BTW, I have never heard of nationwidemsi before either.


----------



## Craigslist Hack (Jun 14, 2012)

I've heard of MSI but not this Nationwidemsi ?

Remember new coke?


----------



## PropPresPro (Apr 12, 2012)

Craigslist Hack said:


> I've heard of MSI but not this Nationwidemsi ?
> 
> Remember new coke?


 
Could be, but looking at their website and their full name that the initials come from, I doubt it.


----------



## NeverWinterProperties (Feb 17, 2014)

Thank you guys once again. I think I am going to avoid them for now. We are too new to the business to have the "extra" cash flow to waste in this area. And, ya, good point GTX63, I don't feel like getting my head shot off because of people thinking I am the repo man! LOL


----------



## Craigslist Hack (Jun 14, 2012)

PropPresPro said:


> Could be, but looking at their website and their full name that the initials come from, I doubt it.

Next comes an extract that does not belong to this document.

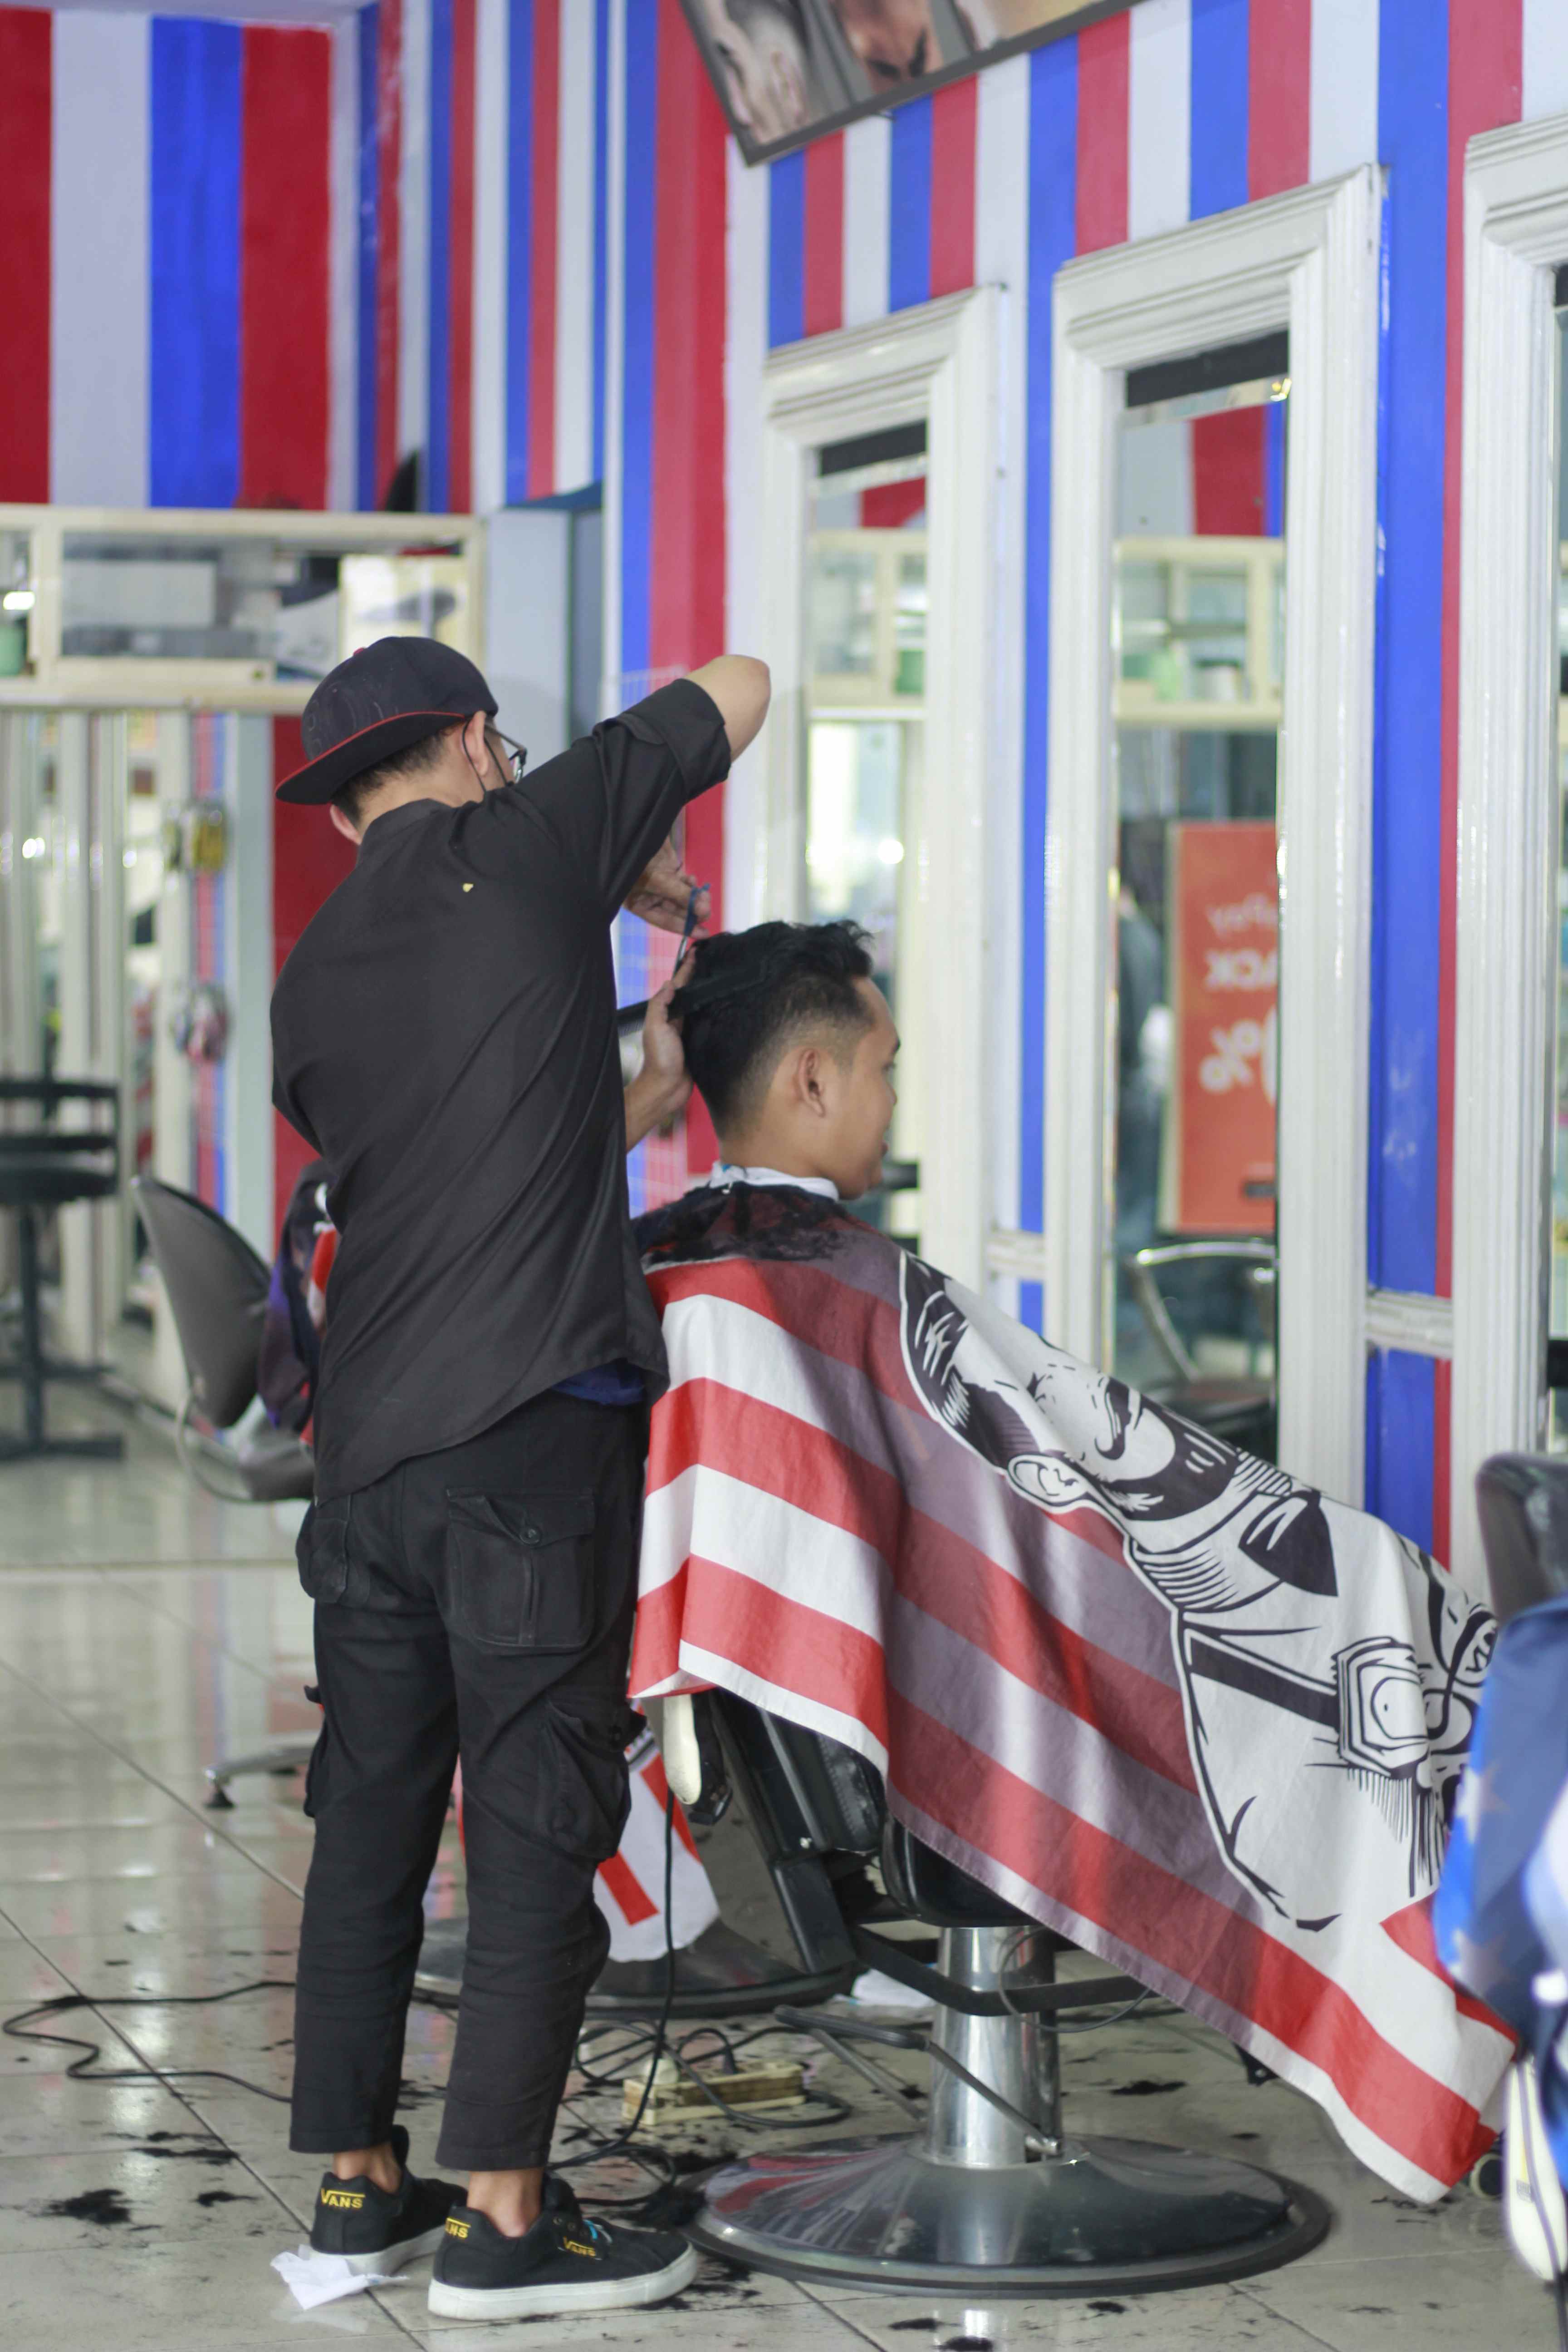 Tempat Barbershop Di Jl. Tumenggung Suryo Terbaik
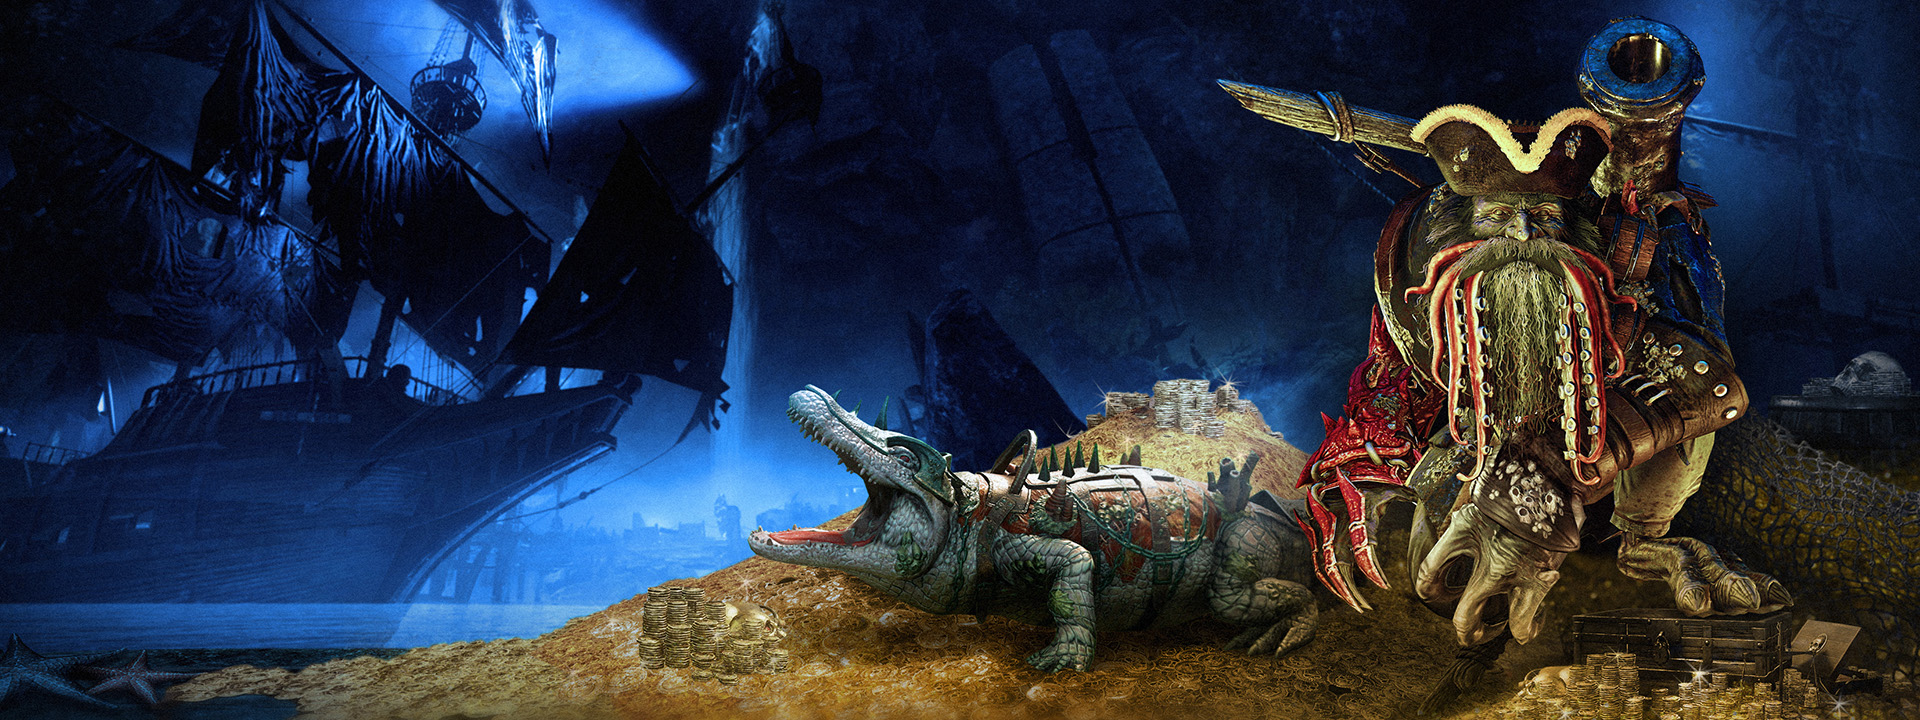 Immagine della missione Cirripedi e polvere da sparo raffigurante un pirata non morto e un alligatore in armatura.

I don't think it is. I suspect they are one of the thousands that will pop up for a 3-5 year run at our industry before they implode.


----------



## GTX63 (Apr 12, 2012)

The rate for occupancy and basic interior inspections range from $3 to $10 from most of the nationals. Even with those, it isn't uncommon to have the homeowner come across the hood of your car, chase after you or otherwise put you in harms way. A good friend that used to work for me was doing door knock inspections for some collection companies, Harley Davidson, etc. For $15, he was supposed to knock on the door, identify himself to the homeowner, deliver paperwork to them, call the lender in their presence and then hand their own cellphone to the homeowner to discuss their situation right there. People in the middle of divorces, drug issues, gambling debts, etc who just are not in a good place in their life, and you are there on the doorstep for $15. At least the sheriff has a weapon and a badge.


----------



## PropPresPro (Apr 12, 2012)

GTX63 said:


> The rate for occupancy and basic interior inspections range from $3 to $10 from most of the nationals. Even with those, it isn't uncommon to have the homeowner come across the hood of your car, chase after you or otherwise put you in harms way. A good friend that used to work for me was doing door knock inspections for some collection companies, Harley Davidson, etc. For $15, he was supposed to knock on the door, identify himself to the homeowner, deliver paperwork to them, call the lender in their presence and then hand their own cellphone to the homeowner to discuss their situation right there. People in the middle of divorces, drug issues, gambling debts, etc who just are not in a good place in their life, and you are there on the doorstep for $15. At least the sheriff has a weapon and a badge.


I will go to work in the oil fields in North Dakota before I do one of those!


----------



## Desert Pres (Dec 21, 2012)

*Inspections*

I was told that the inspections were for loan mods and yet it`s a surprise inspection and you have to take a set of photos before you go to the door. 
The pay is off and Banks just don`t work this way, Good luck.


----------